Известили его в последних числах августа — буднично, без торжества, как и всё в этом ведомстве.
Лейтенанта Рябова зачисляли в часть особого назначения — в войска Особой группы при наркоме внутренних дел, ту самую, что собирали под рукой Судоплатова для работы, которой обычная армия не делала: для разведки, диверсий, связи с подпольем глубоко в немецком тылу. Воронин выслушал предписание и не дрогнул лицом, хотя внутри у него что-то отозвалось туго, как отзывается долгожданное. Вот оно. То, к чему его несло через всю эту войну, чего он ждал, не зная названия, и что наконец сбылось. Подразделение, где его странные, ни на чей не похожие навыки были не уликой, не поводом для подозрений, а ровно тем, что нужно. Где человека ценили не за чистую анкету, а за то, что он умеет в тылу у врага.

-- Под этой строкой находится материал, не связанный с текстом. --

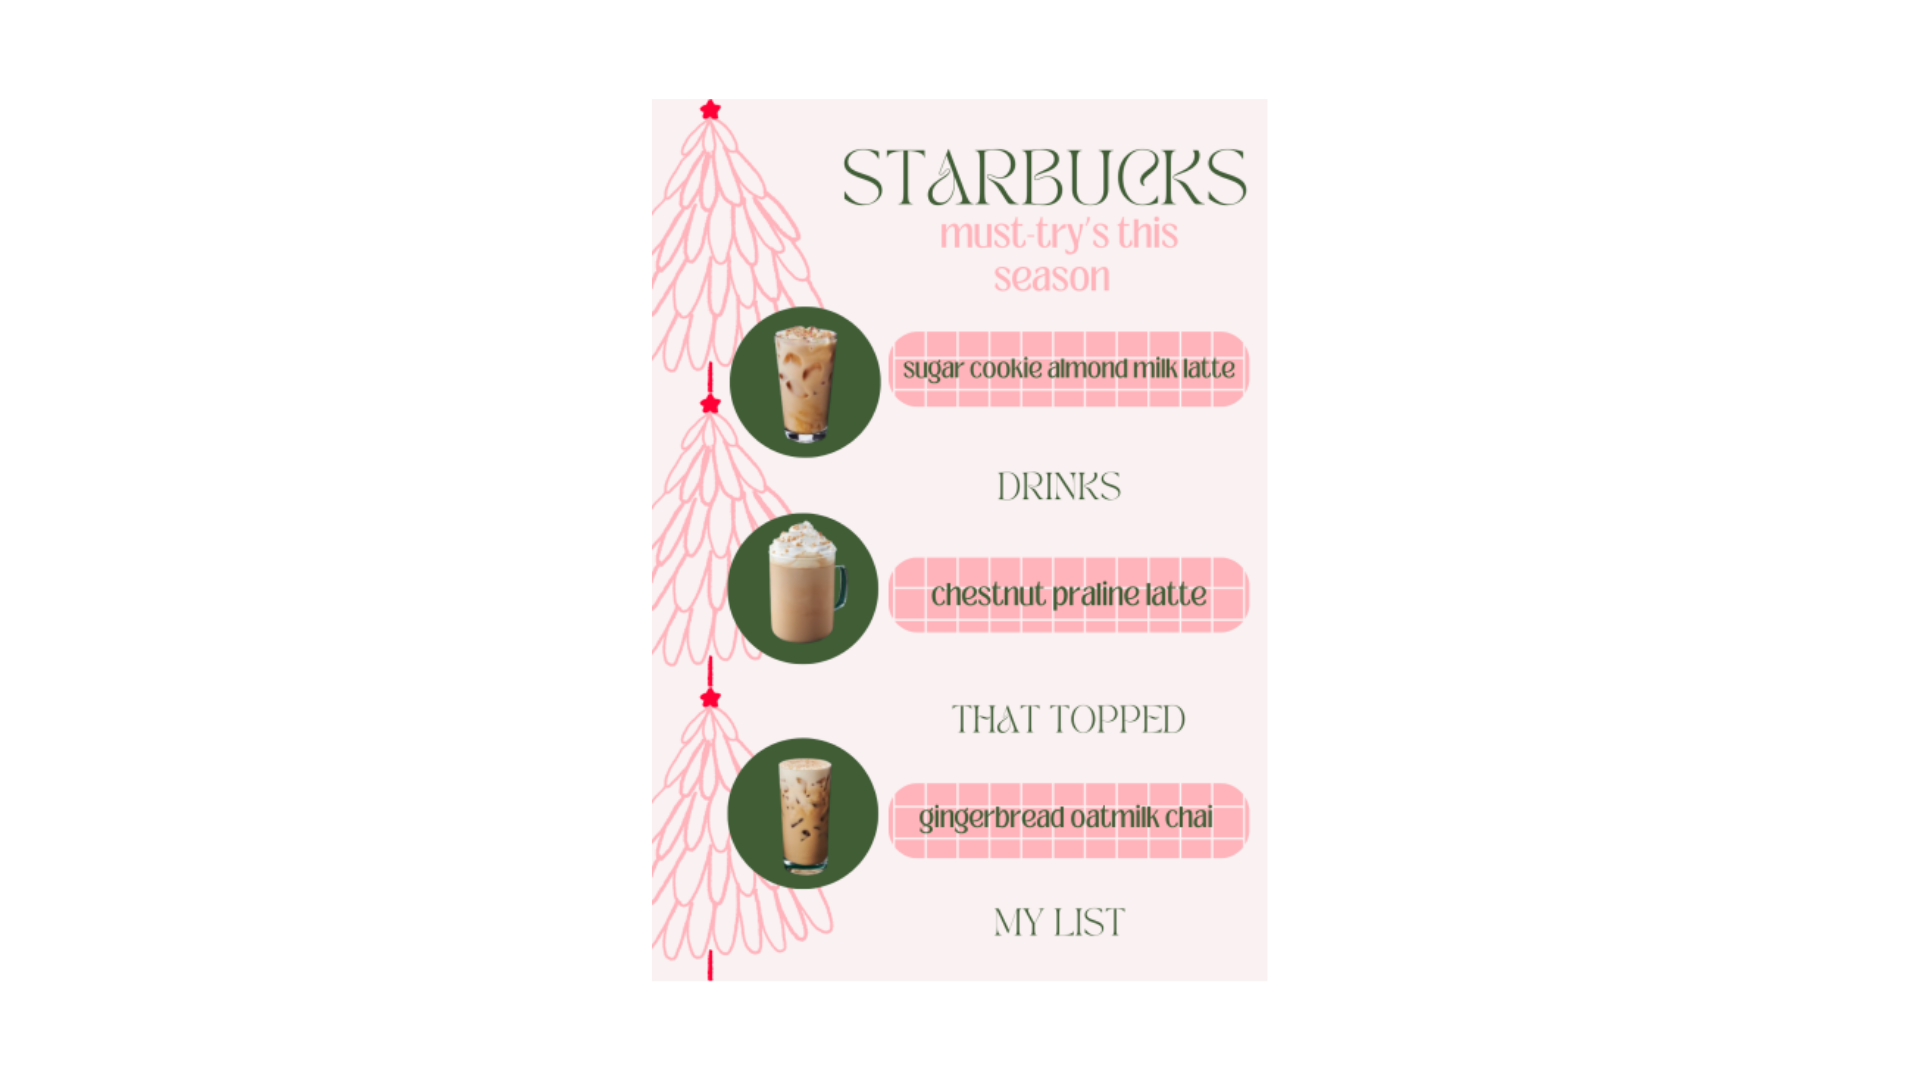 Starbucks Holiday Menu on an infographic made on Canva.

Он понимал и большее, чего не понимали оформлявшие его командиры. Понимал, во что вырастет эта Особая группа: что к октябрю её развернут в бригаду — ту самую, чьё будущее имя жгло ему язык, но которое произносить было ещё рано, не настало; что из этих разрозненных пока отрядов выйдет то особое войско, что станет грозой немецких тылов на всю войну. Он входил в неё с самого начала, с первого, ещё сырого, ещё безымянного её часа — и входил, зная заранее весь её путь. Это давало странное чувство: будто становишься у истока реки, про которую один ты знаешь, в какое море она впадёт.
Странное, двойственное было это чувство — стоять у самого истока того, чьё устье ты уже видел. Воронин знал, что эта горстка наскоро собираемых отрядов, эти разрозненные, плохо ещё вооружённые группы, которыми пока никто всерьёз не считал, через год-другой станут силой, наводящей ужас на немецкие тылы от Бреста до Кавказа; что иные имена тех, кто формировался сейчас рядом с ним, в этих же стенах, войдут в историю, а иные сгинут безвестно в первых же выходах. Он оглядывал товарищей по формированию — молодых добровольцев, хмурых командиров, вчерашних окруженцев вроде него самого — и знал их будущее так же ясно, как знал своё: кому орден, кому петля немецкая, кому безымянная яма в чужом лесу. И, как всегда, не мог сказать ни слова. Только нести это в себе да делать своё дело — точнее, тише, надёжнее прочих, потому что ему-то, в отличие от всех, было ведомо, как высока ставка и как длинна впереди дорога.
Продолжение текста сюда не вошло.